SUPPLIED INFORMATION »
- Opening Delimiter -

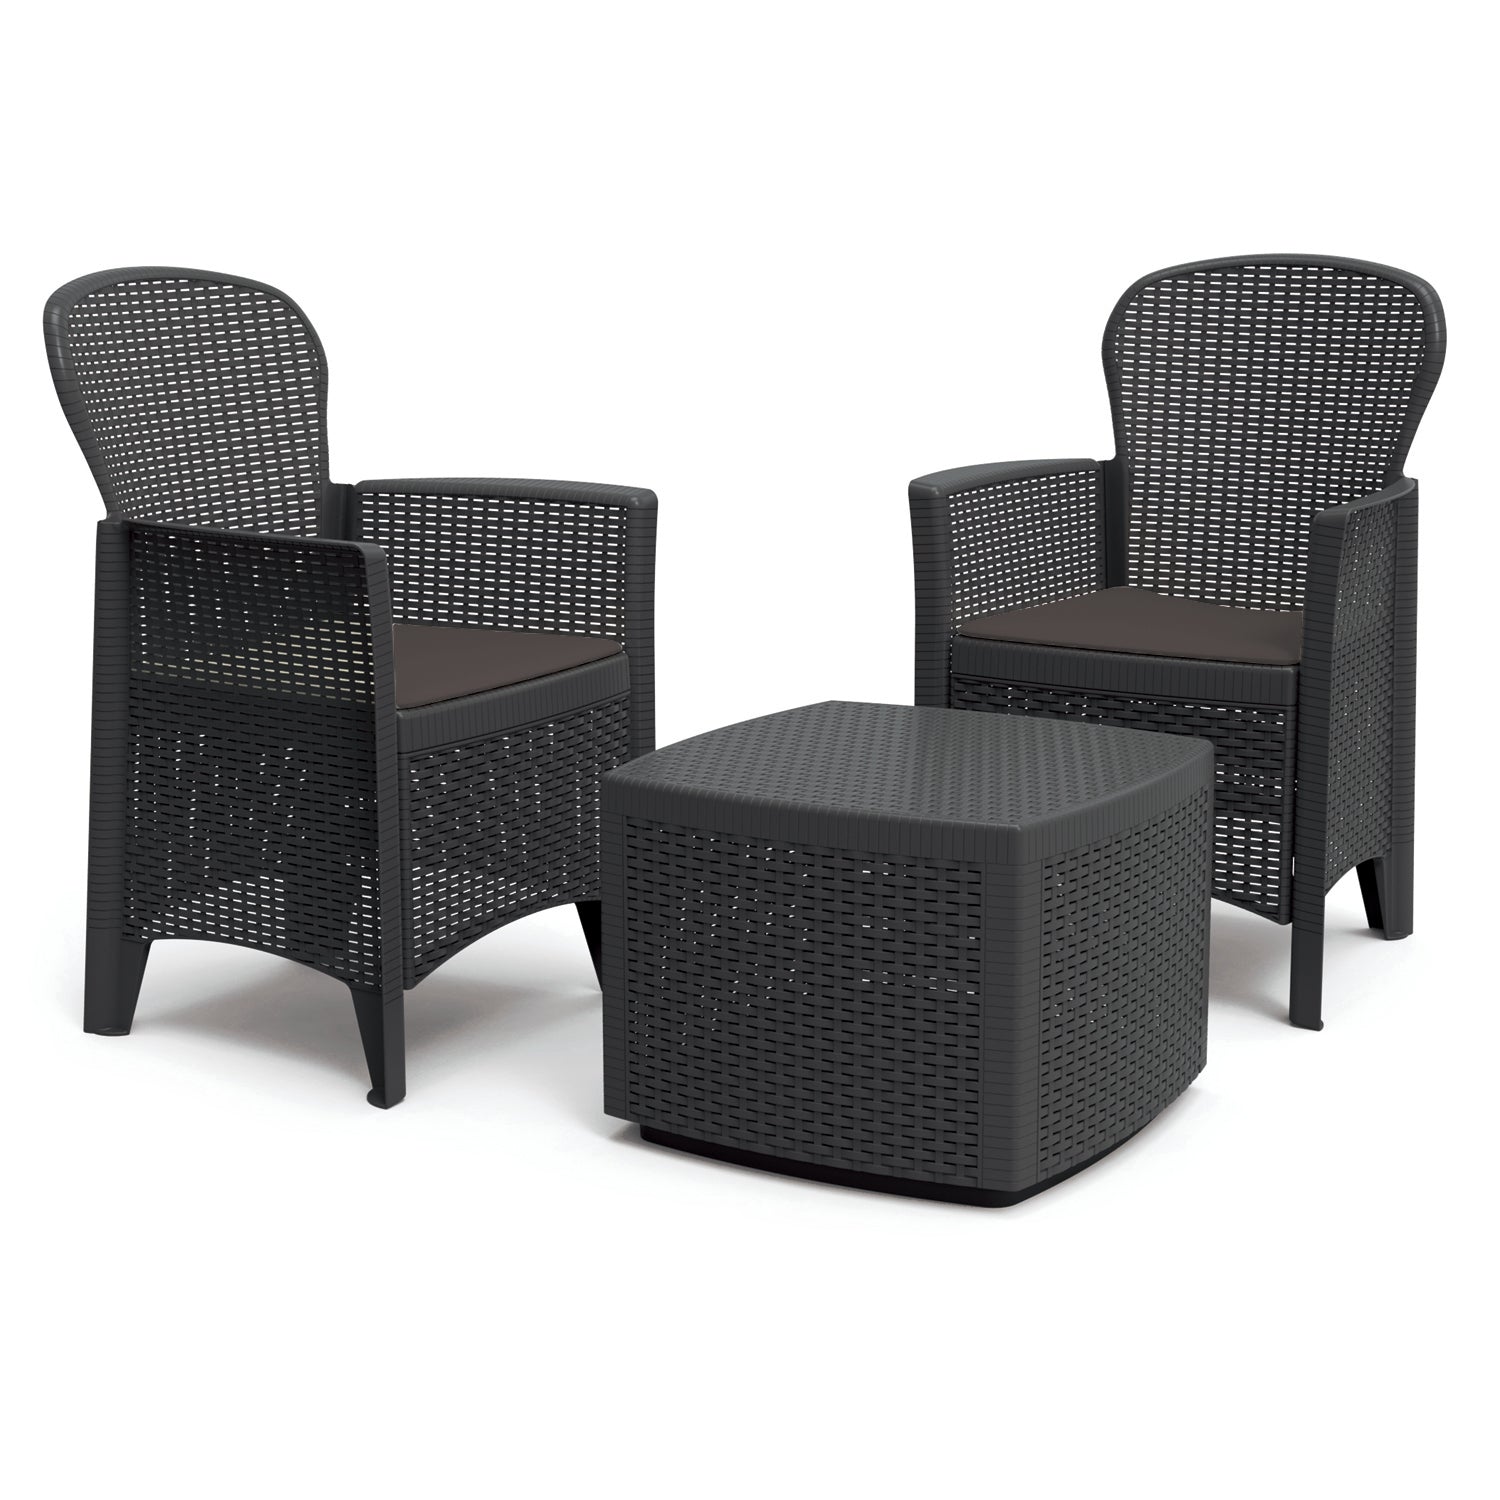 Trabella Sicily Side Table with 2 Sicily Chairs Set Anthracite Dining Sets Trabella   
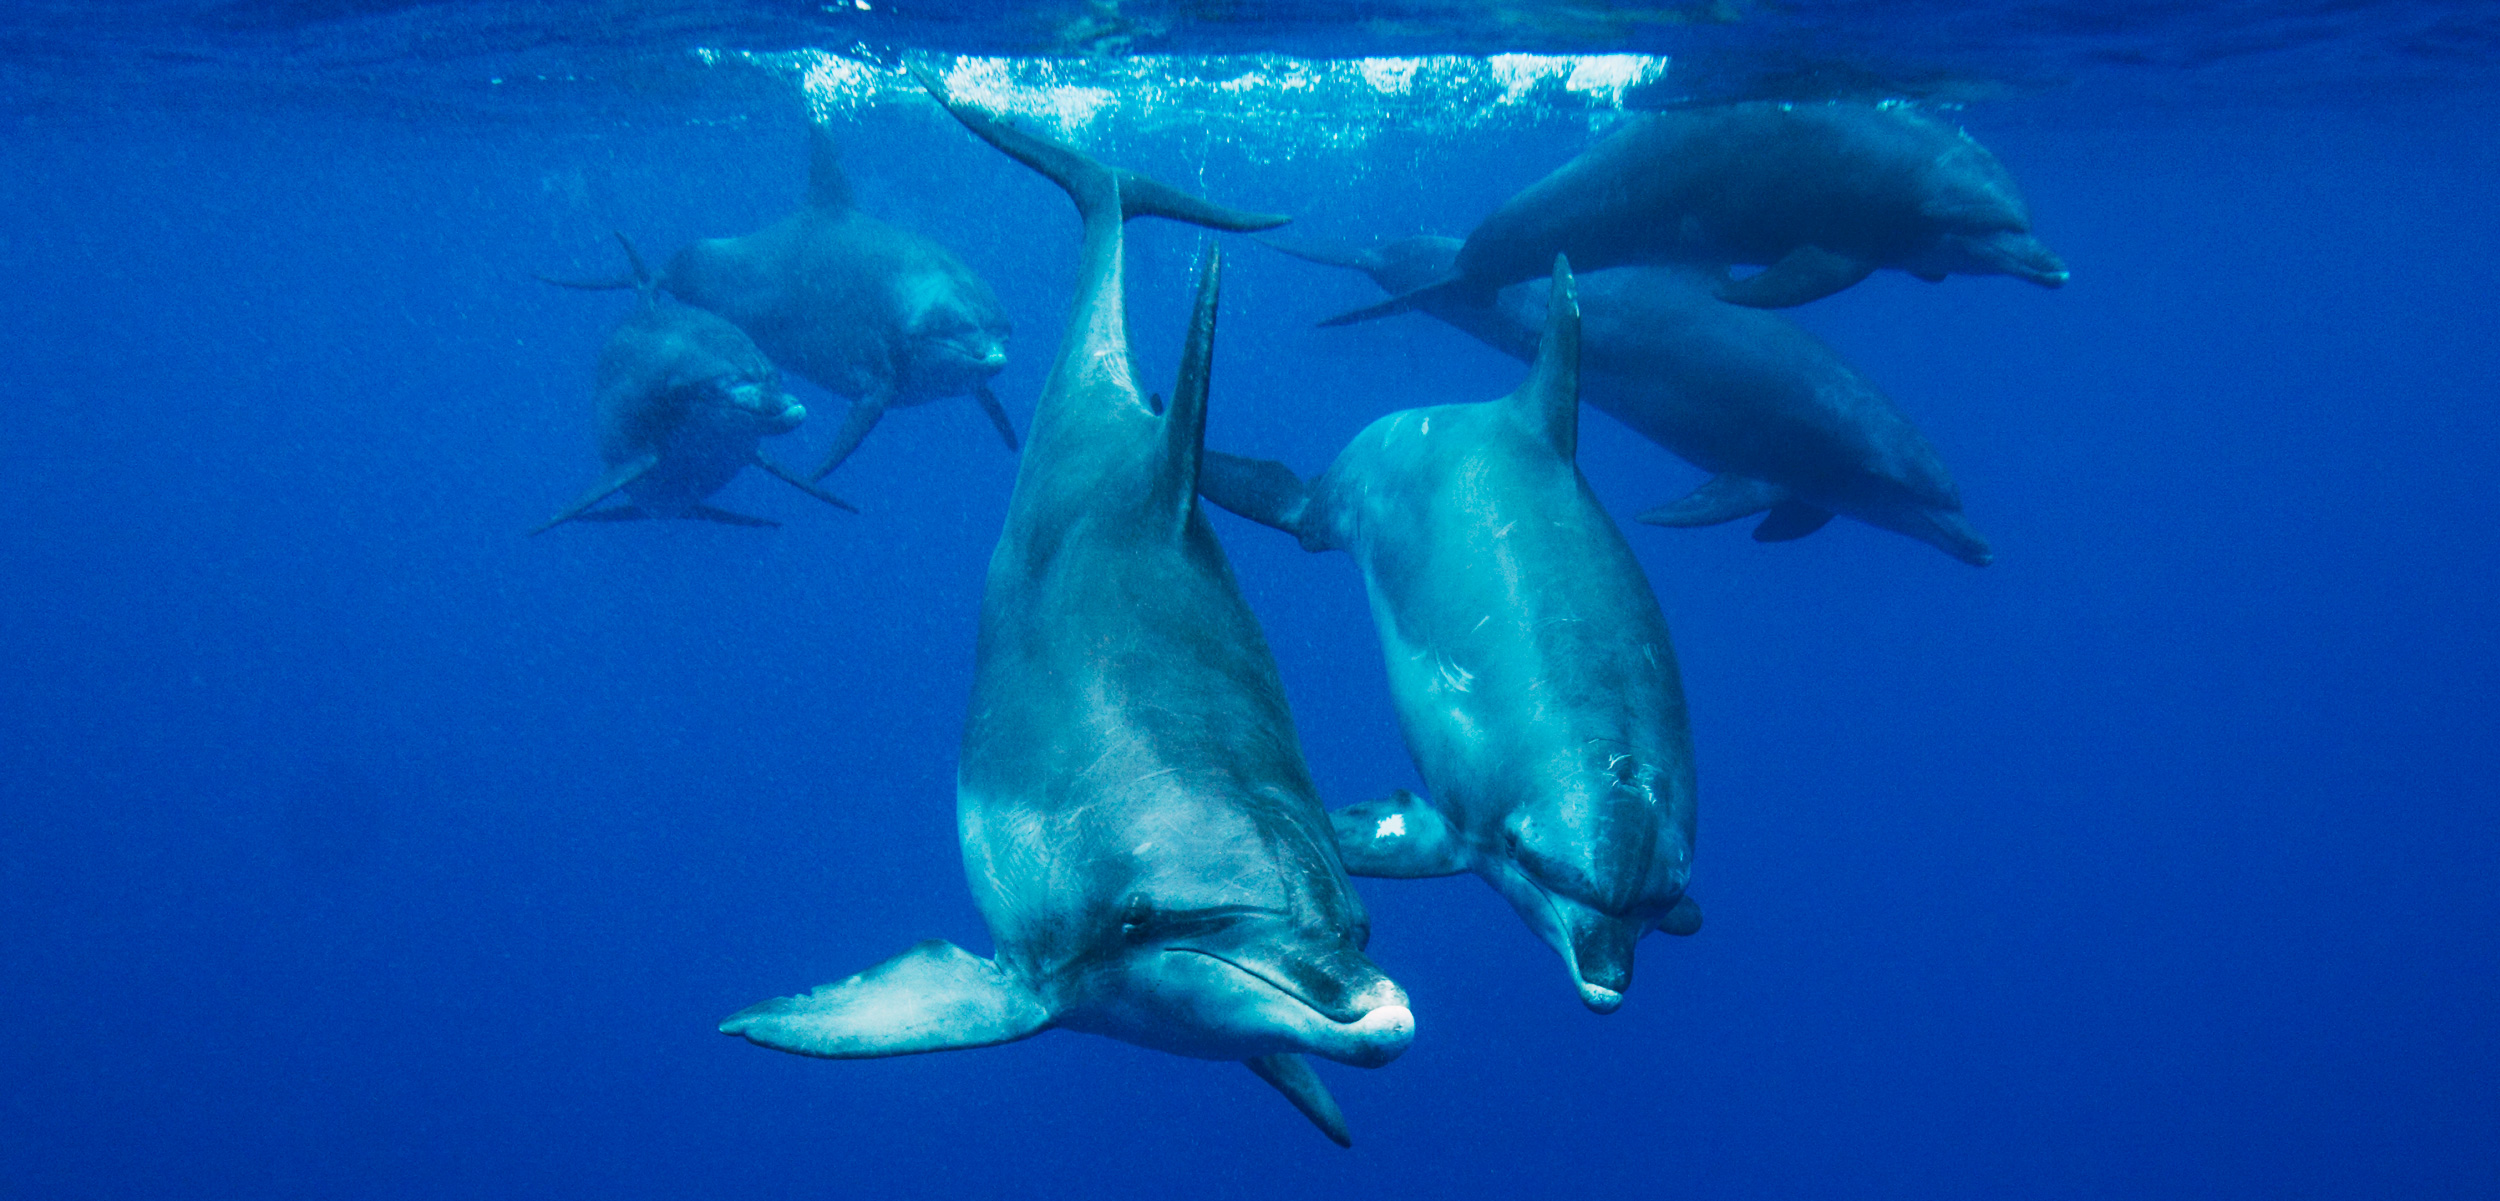 The stress of diving could tax dolphins and other marine mammals to the brink. Photo by Hiroya Minakuchi/Minden Pictures
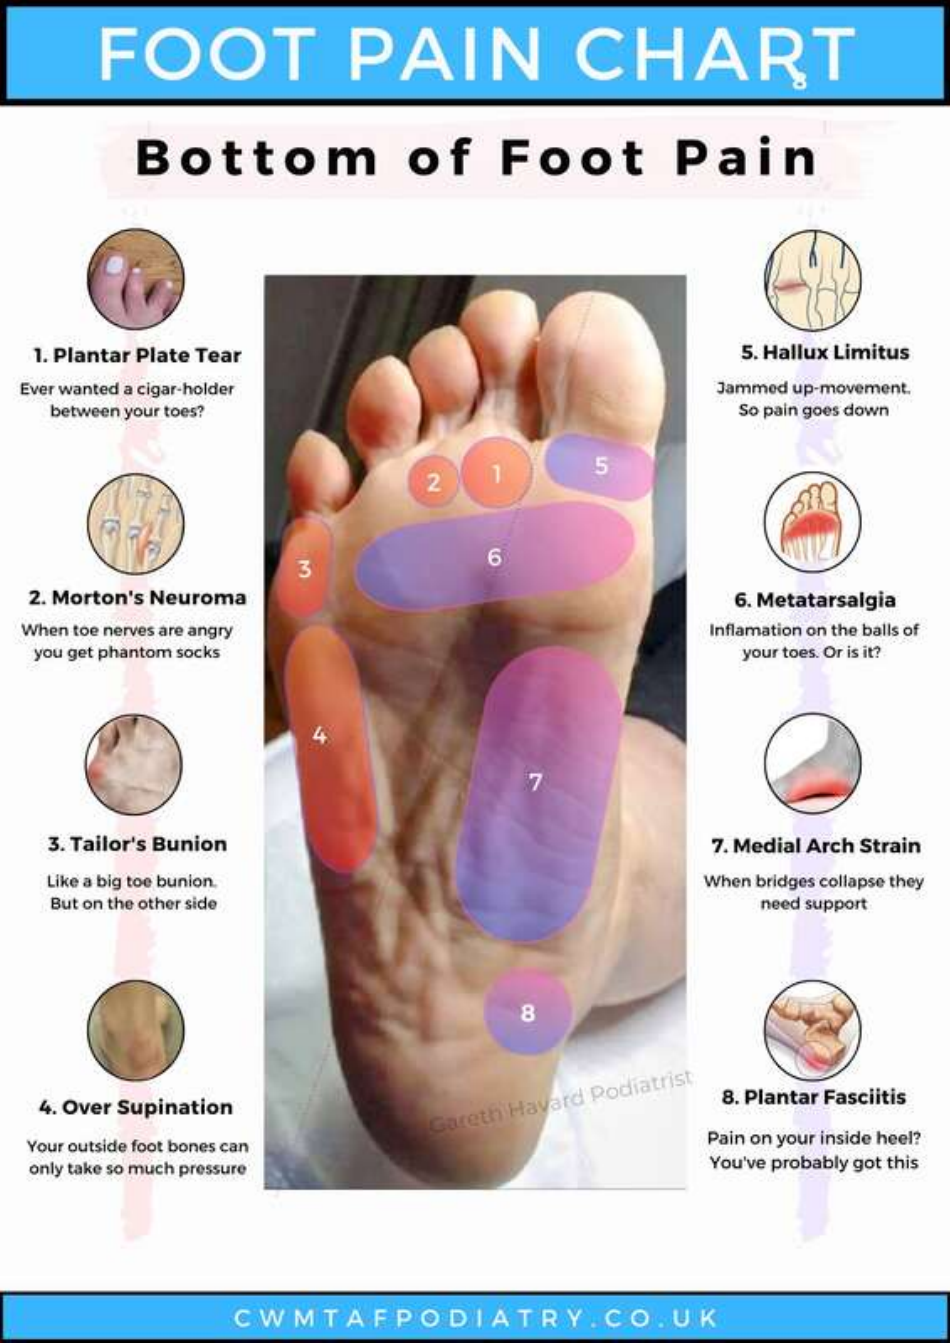 Foot Pain Chart - Bottom of Foot Pain, Page 1

- Closing Delimiter -

WHAT THE TASK ASKS » Repeat the material exactly and drop each image.

ANSWER FOR THIS EXERCISE »
 Trabella Sicily Side Table with 2 Sicily Chairs Set Anthracite Dining Sets Trabella   
 The stress of diving could tax dolphins and other marine mammals to the brink. Photo by Hiroya Minakuchi/Minden Pictures
 Foot Pain Chart - Bottom of Foot Pain, Page 1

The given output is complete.